Google Map App's Version of Anonymity Might Violate EU Privacy Laws 89
Ars Technica reports that Google's map application for iOS, however popular it might be with users, raises red flags with European regulators, who maintain that it by default does not sufficiently safeguard user privacy as required by EU privacy rules. Ars quotes Marit Hansen of Germany's Independent Centre for Privacy Protection on why: "Hansen's main gripe is that Google's use of 'anonymous' is misleading. 'All available information points to having linkable identifiers per user," she told Computerworld. Hansen added this would allow Google to track several location entries, thus leading to her assumption that Google's 'anonymous location data' would be considered 'personal data' under the European law."
Re:Information Obsession (Score:4, Interesting)
I have to say I was surprised at how insistent the new iOS application is at trying to determine your location. Every time you go into it it asks for location services to be turned on. You can skip by it, but that would be the type of setting that with other programs would be a choice only made once, not pestering every time.

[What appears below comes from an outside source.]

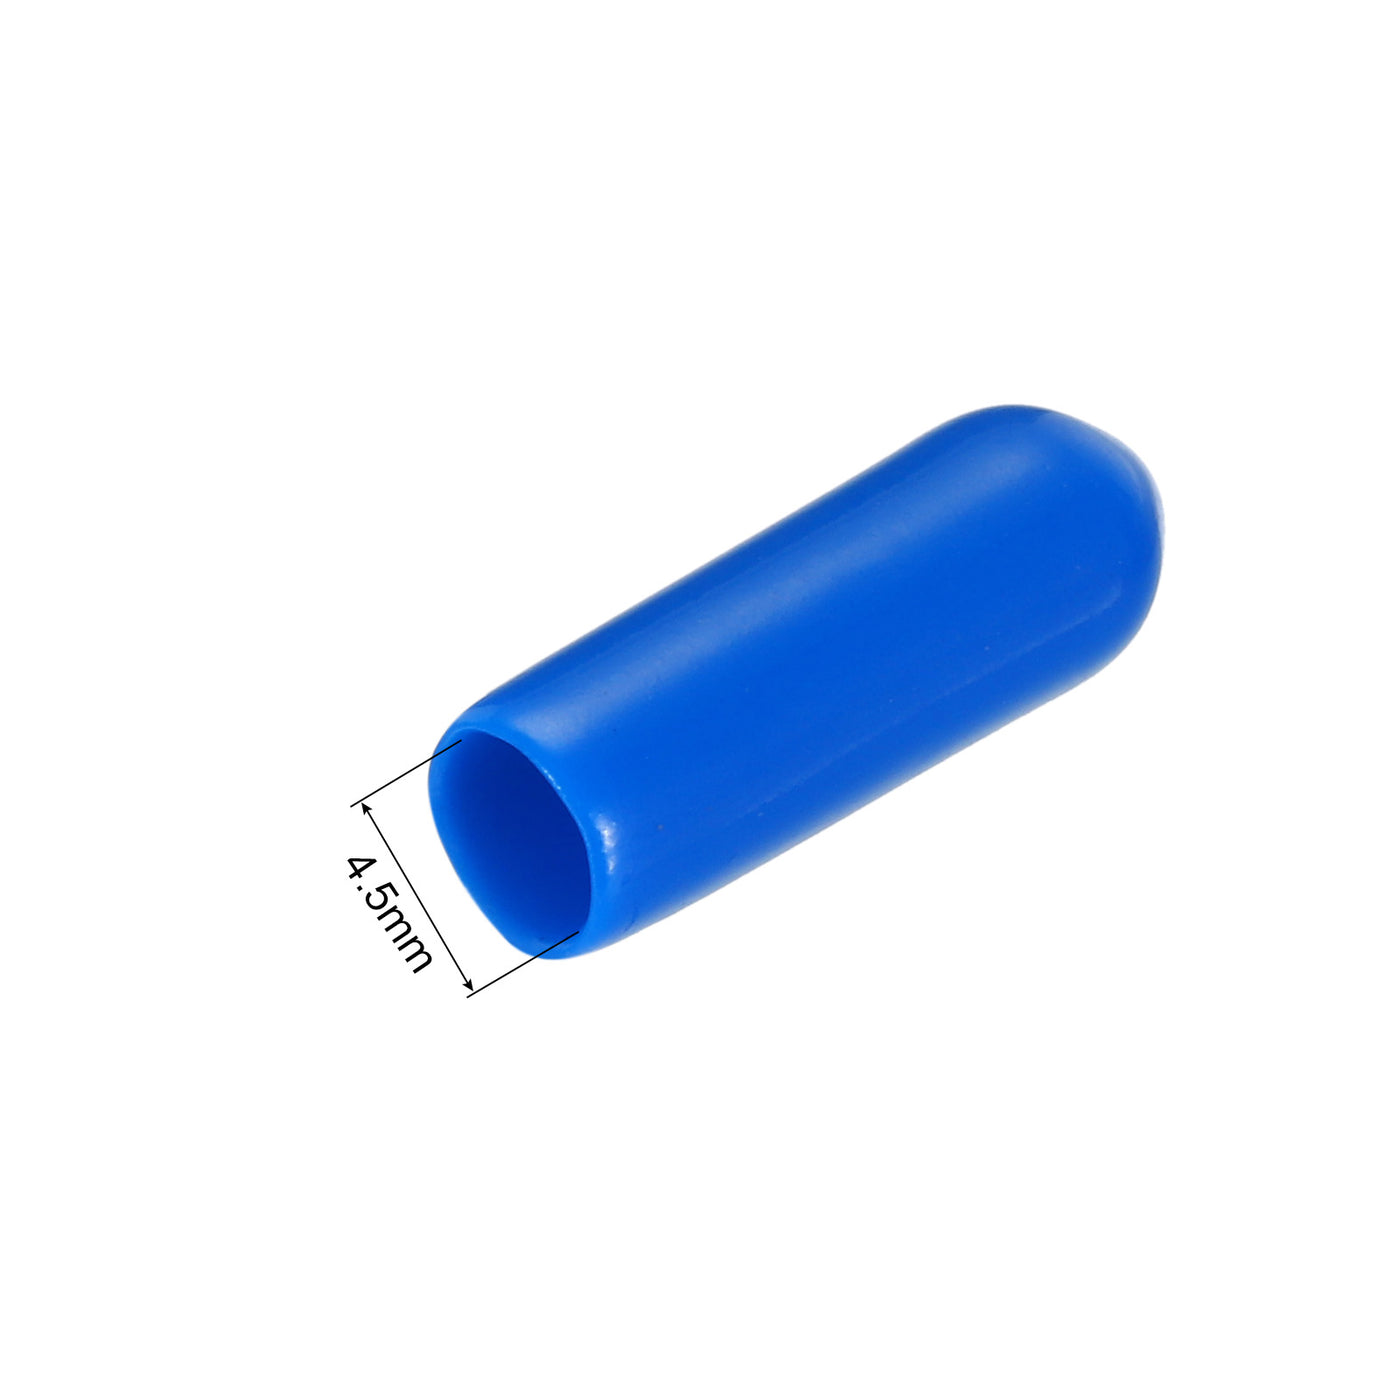 uxcell Uxcell 50pcs Rubber End Caps 4.5mm ID Vinyl PVC Round Tube Bolt Cap Cover Screw Thread Protectors Blue

It's also interesting how, when you click on a link in the newest versions of Google's iOS apps, they don't send you to Safari - they open up their own browsing window.
Re:I don't know how iPhone works. (Score:4, Interesting)
"I want turn by turn directions, and for you to redirect me when I make a wrong turn, but I don't want you to know where I'm located or where I'm headed".
None of that follows from what I said.